The patients will stop in Marietta on their way to be treated at Emory University Hospital in Atlanta.
County commissioner and Delta pilot Bob Ott said there’s no need to worry about the safety of allowing the plane to land in Cobb while carrying infected passengers.
“This is a unique situation, and so it’s a specially-trained crew on the plane — it’s called a Medevac,” Ott said. “There will be an isolation unit taken over to Africa, and the patients loaded into that unit and put on the plane, and then it will land and they will presumably take that unit to Emory.”
Ott said the pilots will not have to receive special training to carry the Ebola patients because there will be doctors and nurses onboard to take care of the unit. He added he would have no problem with flying a plane carrying patients infected with Ebola.
“I give all the medical (team) and pilot personal credit for doing that because they could potentially save those people’s lives by getting them over here for better treatment,” Ott said.
The Pentagon’s press secretary, Rear Adm. John Kirby, said Department of Defense personnel who will operate the plane will not have any contact with the patients.
“The Centers for Disease Control and Prevention has issued guidance on the safe transport and care of patients with infectious diseases,” Kirby said. “The patients will be escorted throughout by specially and frequently trained teams that have sufficient resources to transport the patients so that there is no break in their medical care or exposure to others.”
The two people infected with the virus are Dr. Kent Brantly and Nancy Writebol. They worked for U.S. missionary groups and are in serious condition in Liberia, according to the North Carolina-based charity Samaritan’s Purse, which is paying for their evacuation and medical care.
The two will be flown separately on a private charter aircraft with the help of the State Department and the DOD. The first flight will land at Dobbins on Monday, said doctors at Emory hospital, and the second will arrive later next week.
The aircraft is a Gulfstream jet fitted with a collapsible clear tent designed to house a single patient and stop any infectious germs from escaping. It was built to transfer CDC employees exposed to contagious diseases.
It will be the first time anyone infected with the disease is brought into the country. Ebola is not spread in the air, but only through direct contact with blood or other bodily fluids from an infected person.
Tyler Pearson, spokesman for WellStar Health System, said even though WellStar’s hospitals have no expectation of seeing patients with Ebola, they are prepared.

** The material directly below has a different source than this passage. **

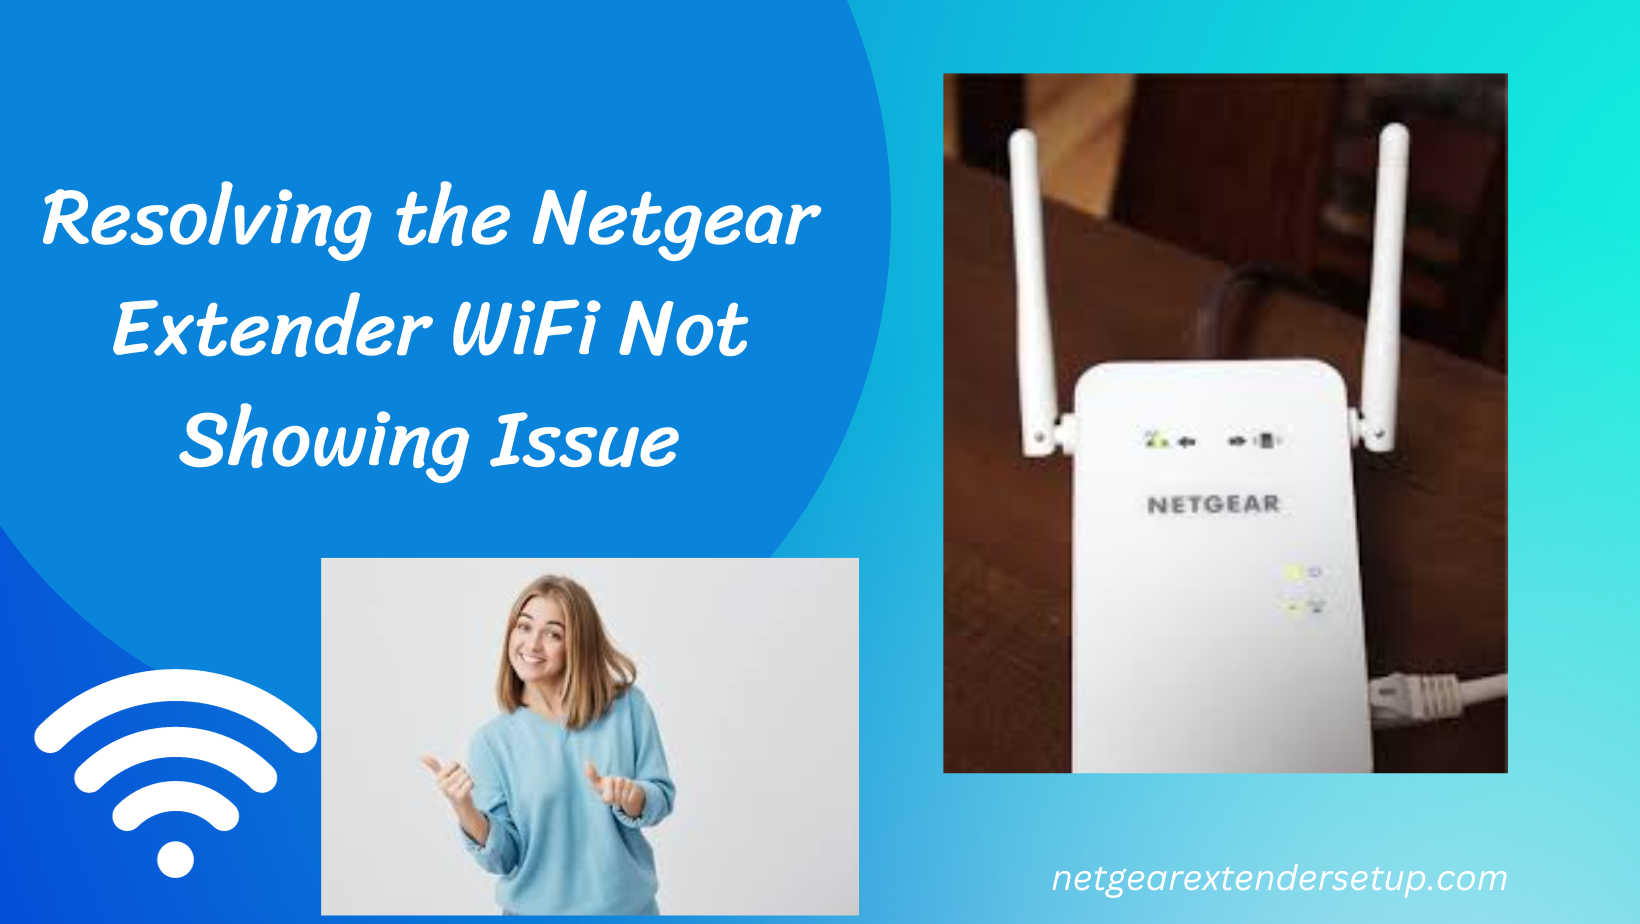 You are currently viewing Resolving the Netgear Extender WiFi Not Showing Issue

“All of our (emergency room) personnel have infectious disease training,” Pearson said. “They actually just did re-training on Ebola recently, so they could be prepared on this.”
Pearson said each WellStar hospital has someone trained in treating infectious diseases who can direct treatment for the patient.
Brantly and Writebol will be taken to Emory after arriving in Marietta.
The Emory isolation unit has two beds, a hospital spokeswoman said. It opened 12 years ago and was designed to handle CDC workers if they became infected while working on an infectious germ.
There is no specific treatment for the disease, although Writebol has already received an experimental treatment from a team of Emory doctors who are already in Liberia, according to the mission groups.
“If there’s any modern therapy that can be done,” such as better monitoring of fluids, electrolytes and vital signs, workers will be able to do it better in this safe environment, said Dr. Philip Brachman, an Emory University public health specialist who for many years headed the CDC’s disease detectives program.
“That’s all we can do for such a patient. We can make them feel comfortable” and let the body try to beat back the virus, he said.
— The Associated Press contributed to this report.